Consciousness Rising premiered at the Tobacco Factory to impressive reviews, and the production toured all around the world. ‘I had a great group of women to work with there, as well. I borrowed a trick from Peter Watkins and gave each of them a huge pile of stuff to read about the women they were playing, about the society and culture in which they grew up. And then we just kept on workshopping until we had transformed my rough script into a play. It’s why they get co-writing credits; there is so much in the play that would not have been there without them. For the film, there was a different kind of workshopping – basically me learning from smart and experienced people how to make this into a movie. We opened it up, added some blokes and a couple of musical daydream/fantasy sequences. It’s the same story, but also a whole other can of fish, kettle of worms, now. I saw an almost finished cut two days ago – no, wait, that was yesterday – and Ray had organised a real surprise for me. He only went and put Joseph Gordon-Levitt singing “Natural Woman” over the end credits!
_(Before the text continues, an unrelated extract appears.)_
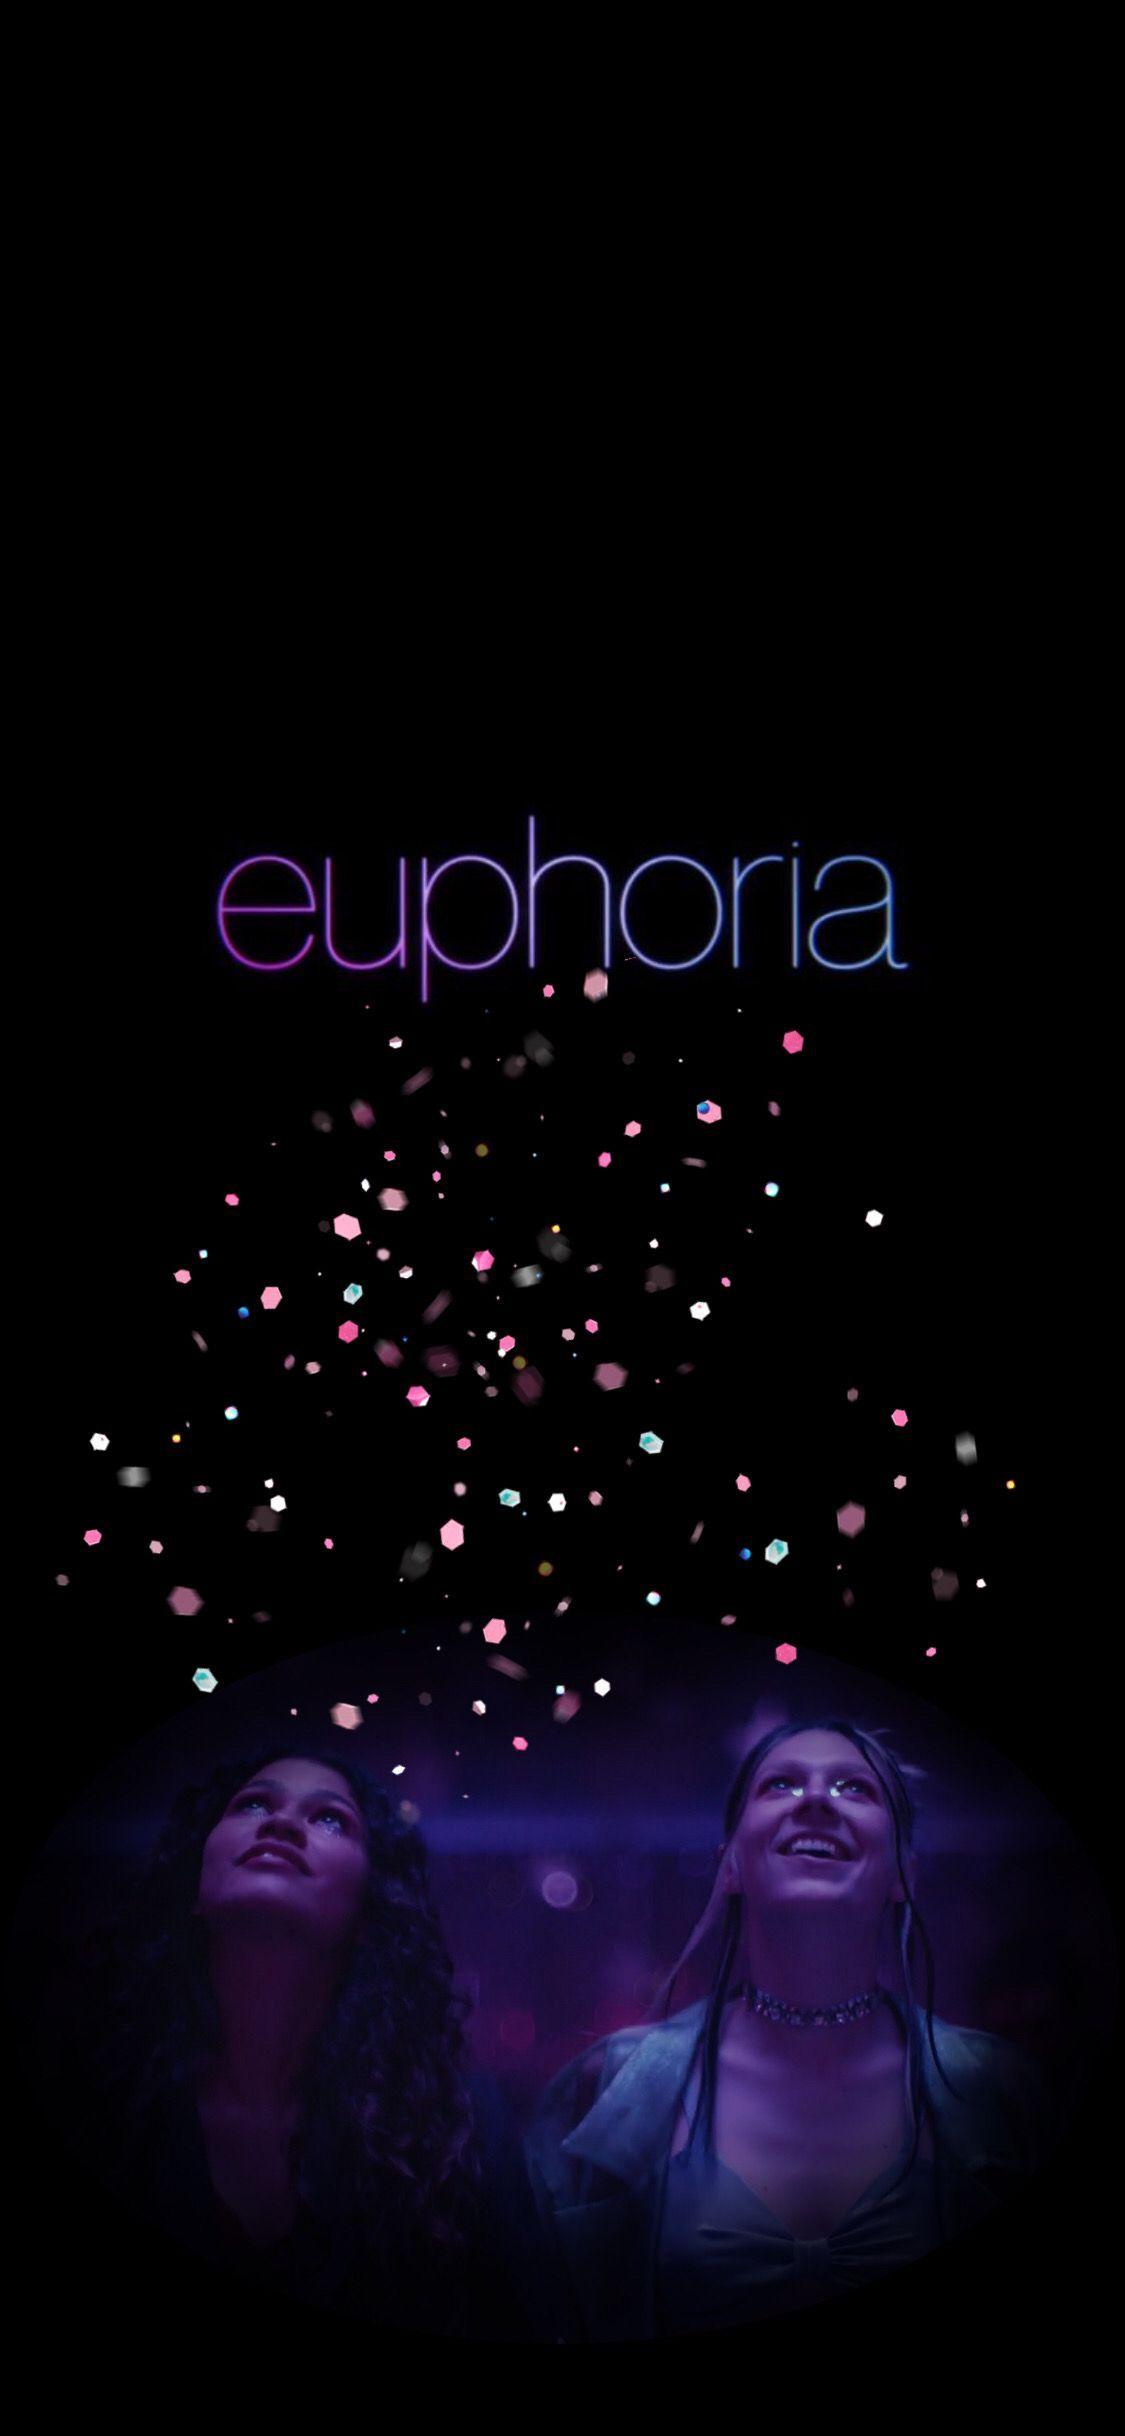 Zendaya Wallpapers Iphone Wallpapers Zendaya In 2020 Euphoria Aesthetic Wallpapers Photo Wall Collage
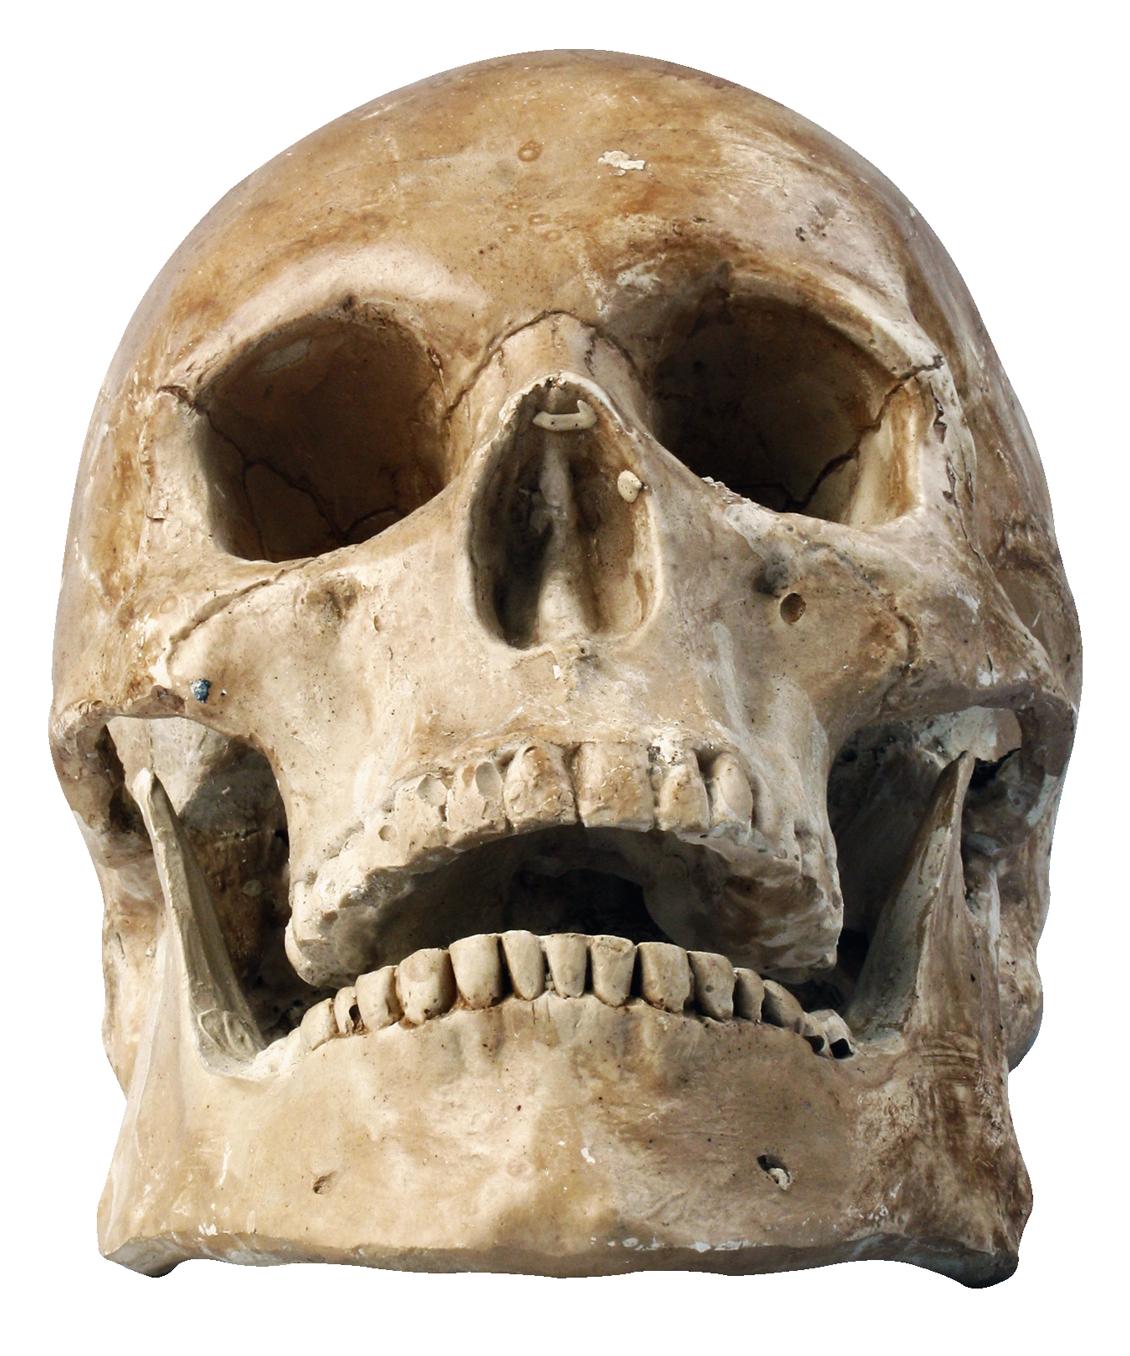 Skull Png Transparent Image - Skeleton Head, Transparent background PNG HD thumbnail

Kaffeeklatsch of the Titans opens in the spring.

It is not in 3D and does not star Sam Worthington.

13/12/10
This is the last of the old ‘by Jason Wyngarde’ pieces I will post here. It is all rather Mary Sue and doesn’t really work, but I have a fondness for it because when China Miéville posted a version on his old blog back in 2010 a whole bunch of people thought it was real. Go figure. (Actually one bit of it is sort of real only it happened differently. I saw Southland Tales weeks after being in the Venice Beach bookstore, but me and The Rock were both once in the same physical space, just sadly not at the same time, and I did get all excited about it. Same thing happened once with Cory McAbee, more or less, and a hotel in Perth.)